Step 3 : Add the default route via 192.168.50.1.
Command
ip route add default via 192.168.50.1

The default route determines where traffic goes when no more specific route matches. Without it, external pings may fail even when local addressing is correct.

# Verify routing table:
                        ip route
                        # Expected to include:
                        # default via 192.168.50.1 dev enp1s0
                    
Step 4 : Verify connectivity with one ICMP echo.
Command
ping -c 1 8.8.8.8

This confirms basic reachability beyond the local subnet. If this fails, the next checks are typically gateway reach, DNS (if pinging a name), firewall policy, and upstream routing.

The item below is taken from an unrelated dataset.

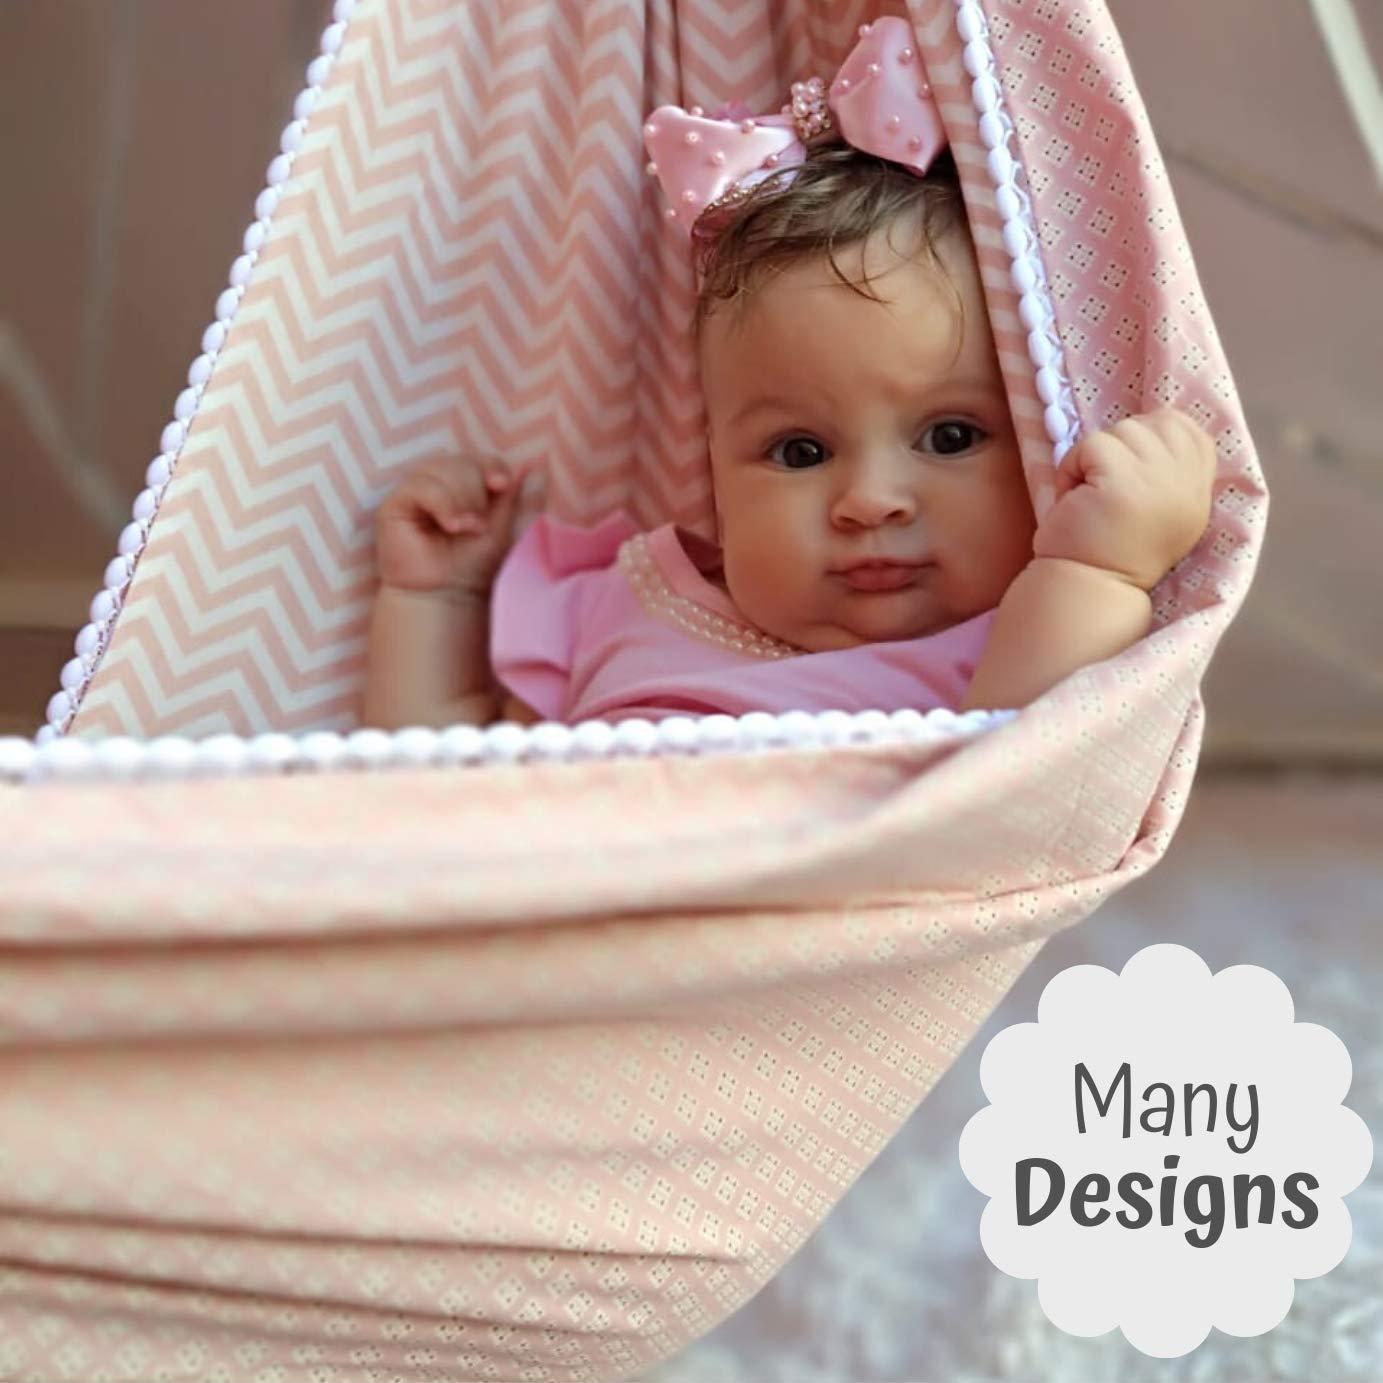 Crib Mattress Swaddle Up Baby Products Baby Crib Baby Stuff For Newborn Swing Set Baby Deals Bed Baby Stuff Hammock Underquilt Infant Hammock Newborn Babies Baby Swing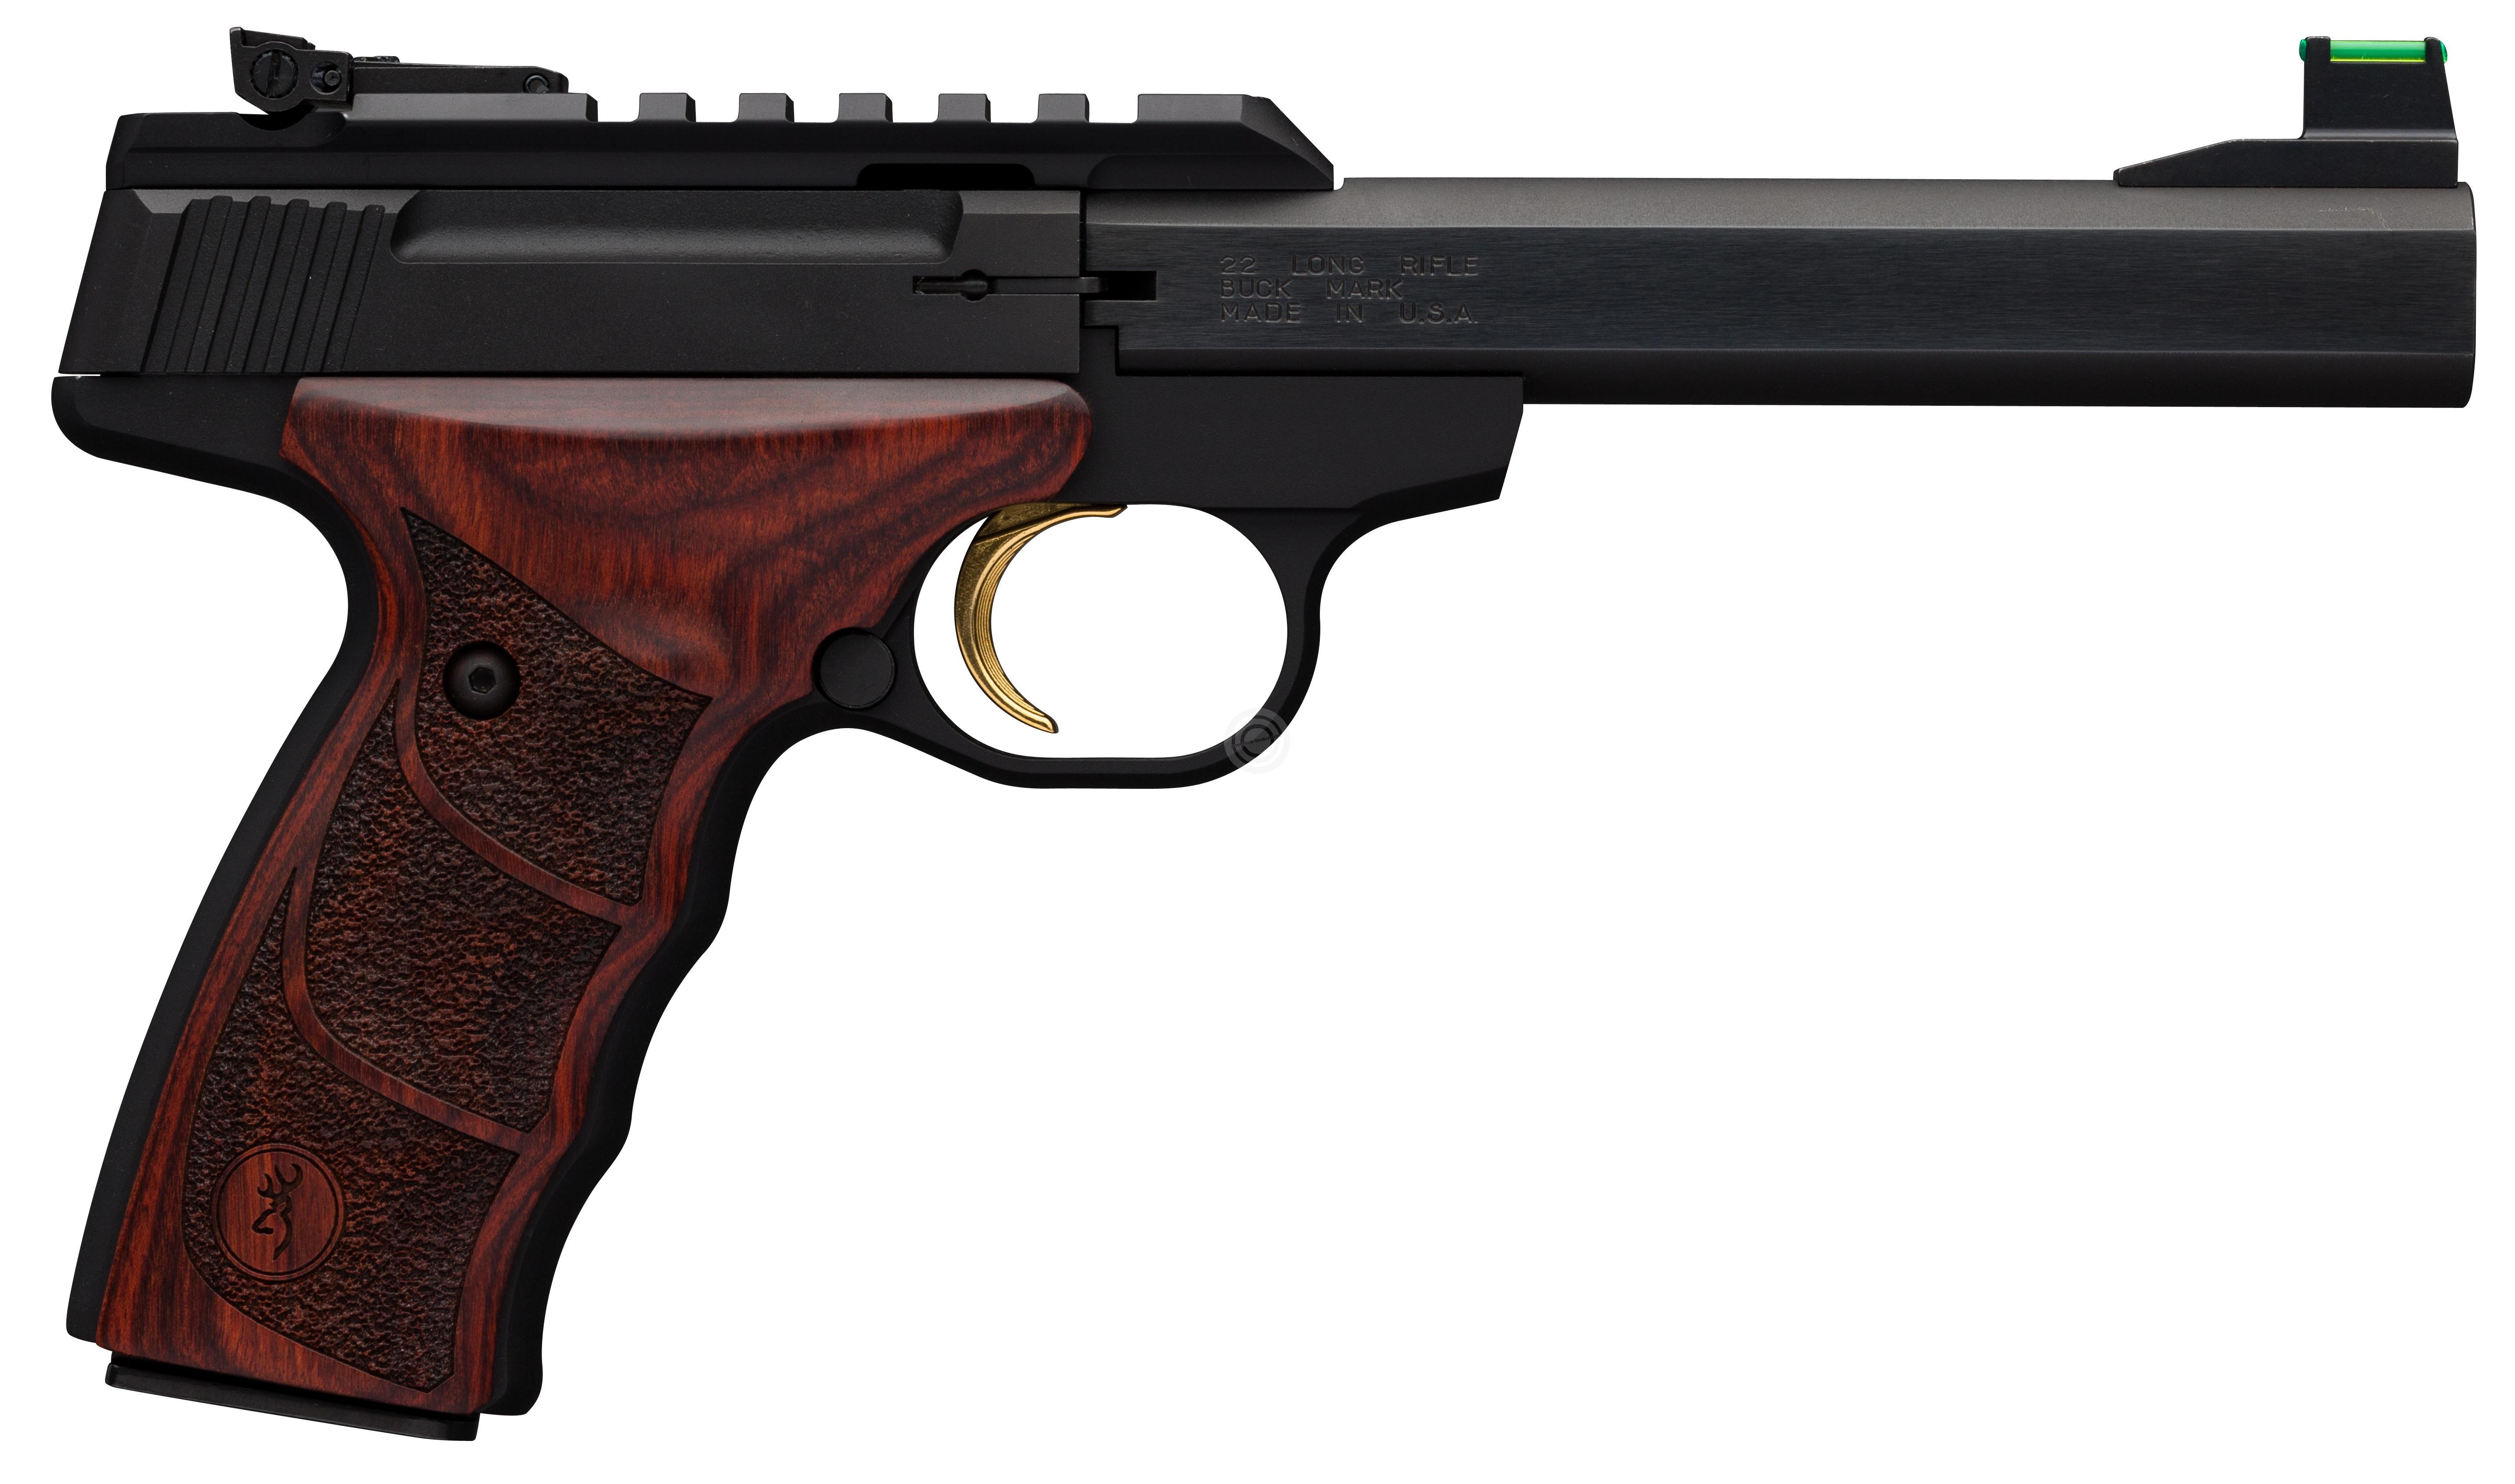 Pistolet BROWNING Buck Mark PLUS Rosewood UDX calibre 22Lr

                        # Expected pattern:
                        # 1 packets transmitted, 1 received, 0% packet loss

Reference

  • ip addr add <ip>/<prefix> dev <iface> : Adds an IPv4/IPv6 address to an interface.
  • ip link set <iface> up : Brings an interface up (enables link layer operation).
  • ip route add default via <gateway> : Adds a default route for outbound traffic.
  • ip -br addr show dev <iface> : Compact view of addresses assigned to a specific interface.
    • -br : Brief output format.
  • ip route : Displays the active routing table.
  • ping -c 1 <ip> : Sends a controlled number of ICMP echo requests.
    • -c 1 : Send exactly one packet (fast validation).